The Prey posters can easily be affixed to a wall in any highly trafficked hall or class and they are presented in a ready-to-print format
The posters are presented in a ready-to-print format, so that they can be easily affixed to a wall in trafficked school halls and classes in a size you deem reasonable.
With catchy cartoon graphics, each of the four posters addresses a different aspect of mobile device security:
- Keeping your phone safe and your data private,
- The likelihood that a phone will be pickpocketed,
- Whether students’ phones are more likely to get lost or stolen,
- The danger of phishing schemes.
Schools are encouraged to download all four posters and to place them in prominent locations where everyone is able to see them. After all, a lost or stolen device can have a major impact on students and schools. There’s the financial loss, of course, but there’s also the possibility that important data will be lost or compromised.
What's more, even though schools may not appear so, they are the 4th most frequent device theft location, according to last year's Mobile Theft & Loss Report.
From the cases we've analyzed, threats range from break-ins to rogue employees and student-to-student pickpockets.
Promoting Personal Device Security
We promote the use of our free application not because of a commercial factor, but due to the belief that basic security should be accessible by anyone. The core anti-theft features have always been free and will always remain to be so.

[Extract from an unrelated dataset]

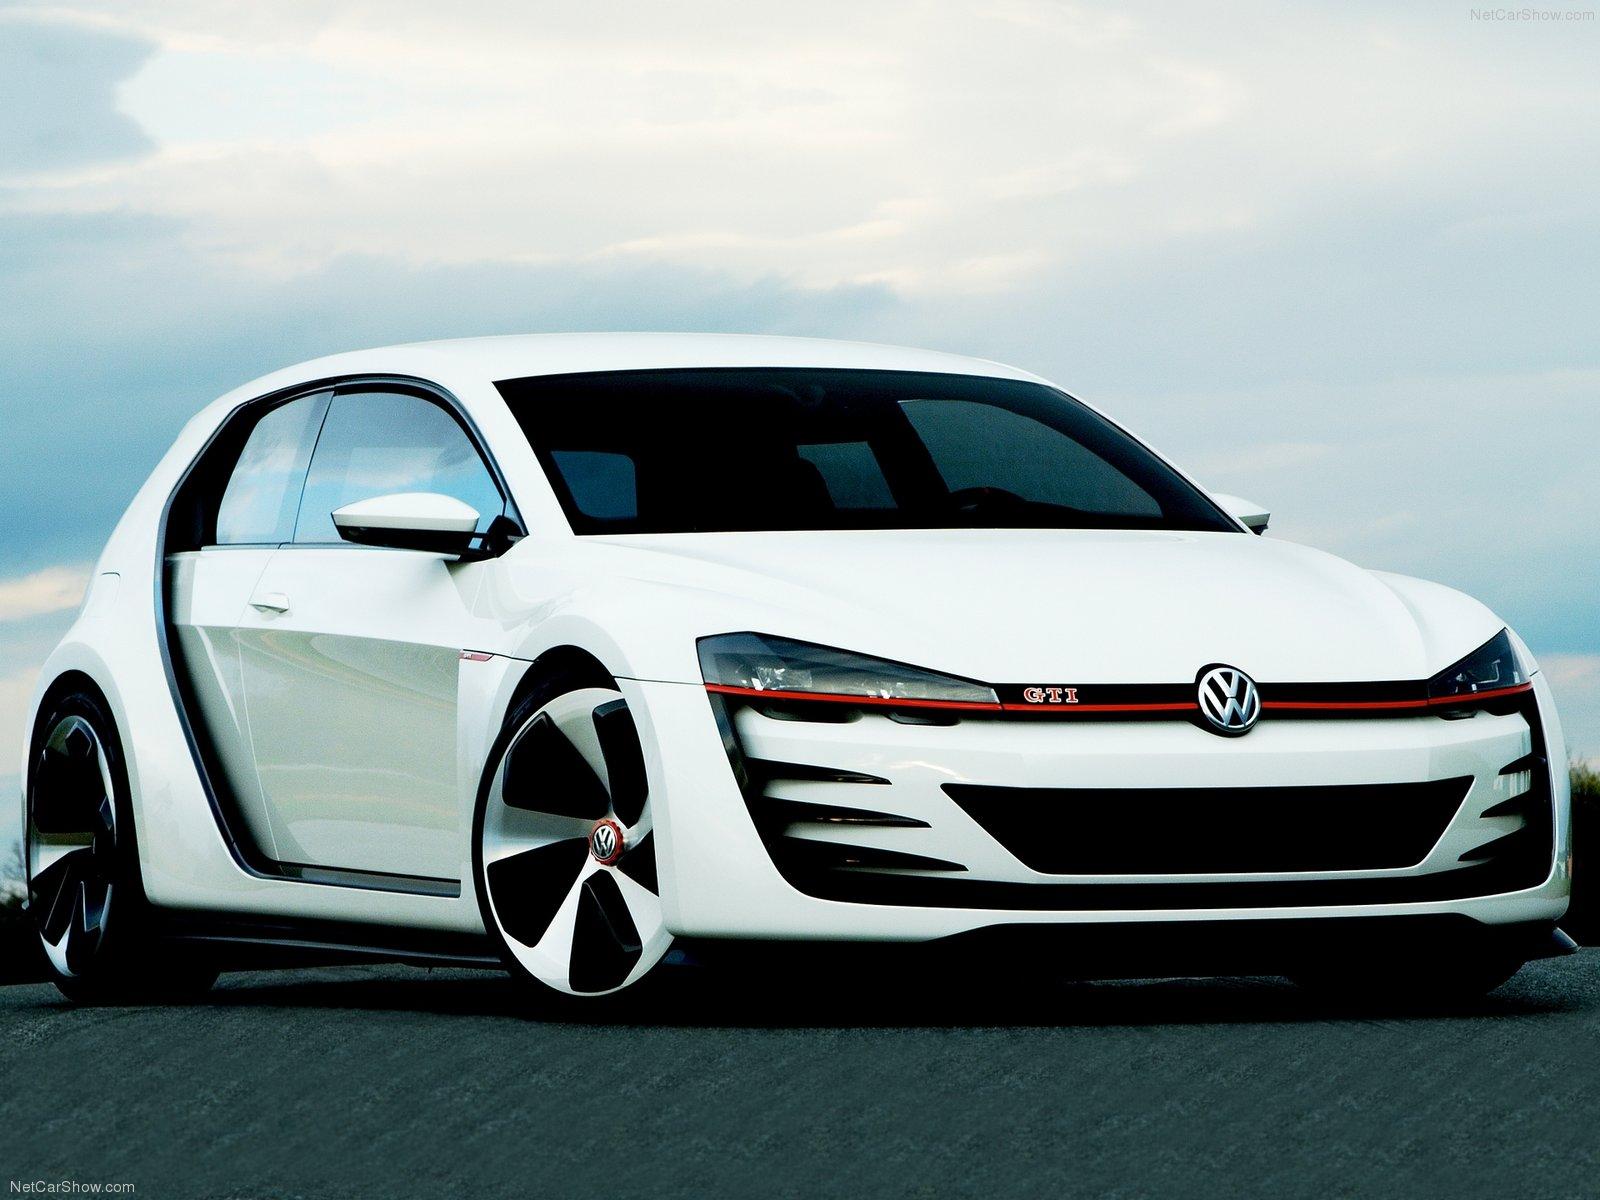 Volkswagen Design Vision GTI Concept 2013 Wallpapers   Vdub Newscom 1600x1200

Universities such as the Wesleyan University, and the University of California (Davis), promote us as well from their IT-desks, including us as a recommended piece of software for students to have on the gadgets they take in-campus.
Students who download the free version of Prey Anti-Theft can take advantage of the following features to keep their data private and their devices close at hand.
- Evidence Reports – Once a device has been set to “Missing” on the Prey control panel, a series of reports that include location, active and nearby networks, pictures, and user information.
- Control Zones – Creates areas on a map that detect and alert phone, laptop, or tablet movement in and out of them.
- Location History – Active tracking that helps detect odd patterns and unwanted movements.
- Security Actions – Helps protect the device with remote actions such as the lock, alert, and alarm.
School IT administrators who opt to protect their mobile fleets with Prey's advanced solutions get additional peace of mind with a comprehensive management suite, data protection features for an extra layer of Ferpa compliance, and reactive security tools.
We hope this marks the beginning of your School's awareness program! It is a simple and basic approach, but for us, it is the first step of this collaboration between Prey and its partnered schools. We will continue to work on more comprehensive advice and resources to drive these processes forward.
Nicolas Poggi is the head of mobile research at Prey, Inc., provider of the open source Prey Anti-Theft software protecting eight million mobile devices. Nic’s work explores technology innovations within the mobile marketplace, and their impact upon security. Nic also serves as Prey’s communications manager, overseeing the company’s brand and content creation. Nic is a technology and contemporary culture journalist and author, and before joining Prey held positions as head of indie coverage at TheGameFanatics, and as FM radio host and interviewer at IndieAir.